Evaluation of the sustainability of an intervention to increase HIV testing

Matthew Bidwell Goetz et al. J Gen Intern Med. 2009 Dec.

Abstract

Background: Sustainability-the routinization and institutionalization of processes that improve the quality of healthcare-is difficult to achieve and not often studied.

Objective: To evaluate the sustainability of increased rates of HIV testing after implementation of a multi-component intervention in two Veterans Health Administration healthcare systems.

Design: Quasi-experimental implementation study in which the effect of transferring responsibility to conduct the provider education component of the intervention from research to operational staff was assessed.

Patients: Persons receiving healthcare between 2005 and 2006 (intervention year) and 2006 and 2007 (sustainability year).

Measurements: Monthly HIV testing rate, stratified by frequency of clinic visits.

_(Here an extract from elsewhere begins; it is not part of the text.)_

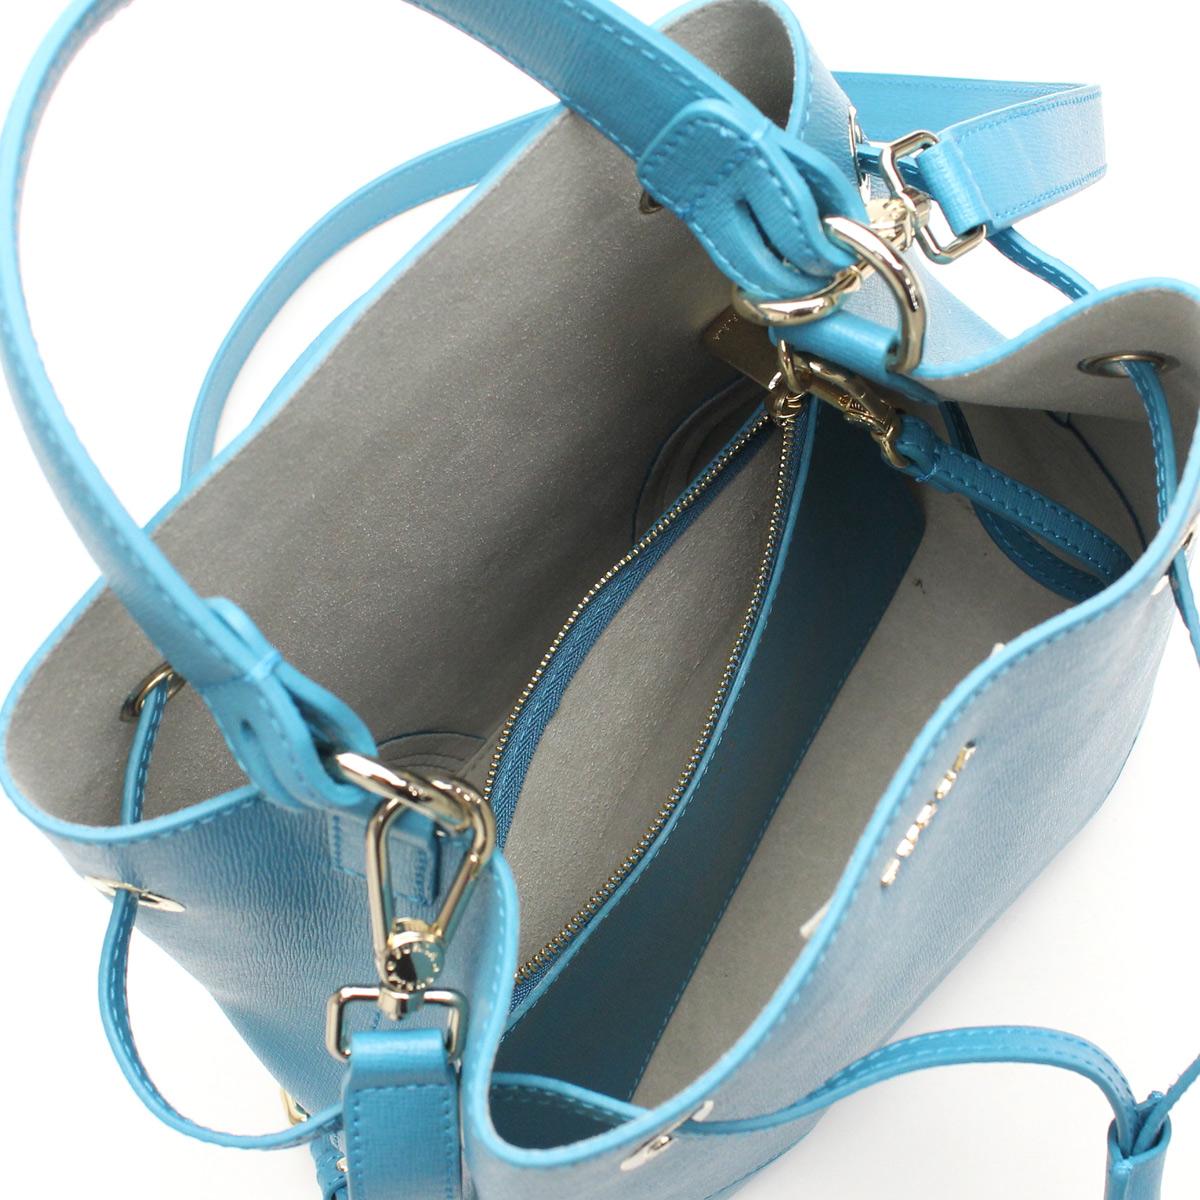 FURLA (FURLA) STACY handbag BEH3 820891-B30-TR4 TURCHESE blue( taxfree/send by EMS/authentic/A brand new item )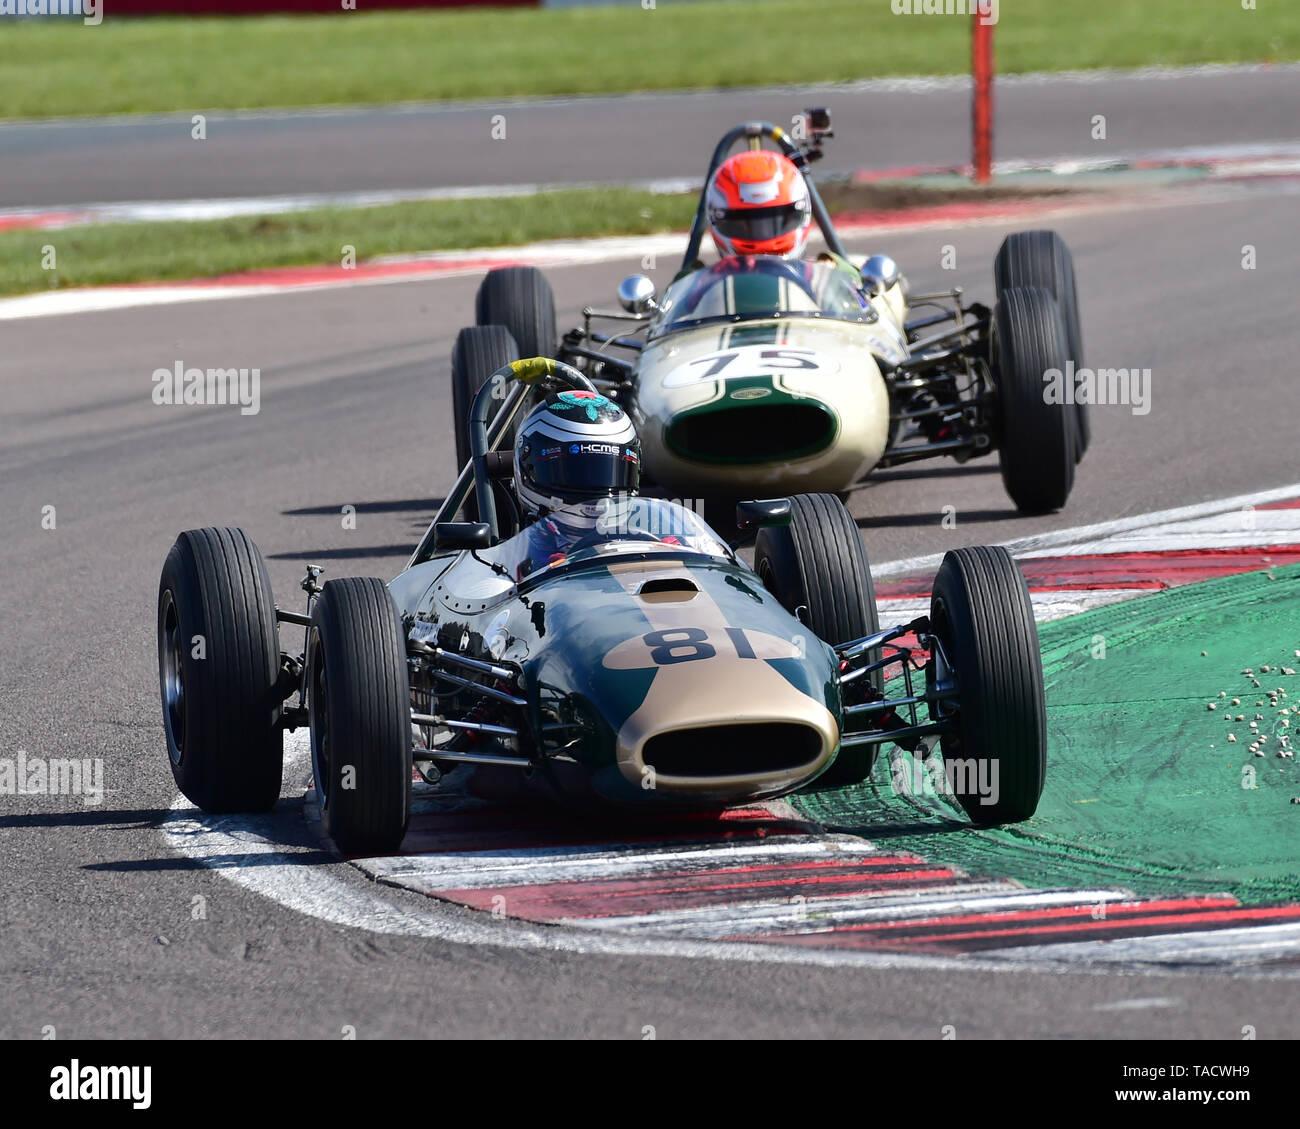 Richard Bradley, Brabham BT2, FJHRA, HSCC, FJ Championship Rear Engined Grid, Formula Junior Historic Racing Association, Historic Sports Car Club, HS - Stock Image

Results: The monthly adjusted testing rate increased from 2% at baseline to 6% at the end intervention year and then declined reaching 4% at the end of the sustainability year. However, the stratified, visit-specific testing rate for persons newly exposed to the intervention (i.e., having their first through third visits during the study period) increased throughout the intervention and sustainability years. Increases in the proportion of visits by patients who remained untested despite multiple, prior exposures to the intervention accounted for the aggregate attenuation of testing during the sustainability year. Overall, the percentage of patients who received an HIV test in the sustainability year was 11.6%, in the intervention year 11.1%, and in the pre-intervention year 5.0%

Conclusions: Provider education combined with informatics and organizational support had a sustainable effect on HIV testing rates. The effect was most pronounced during patients' early contacts with the healthcare system.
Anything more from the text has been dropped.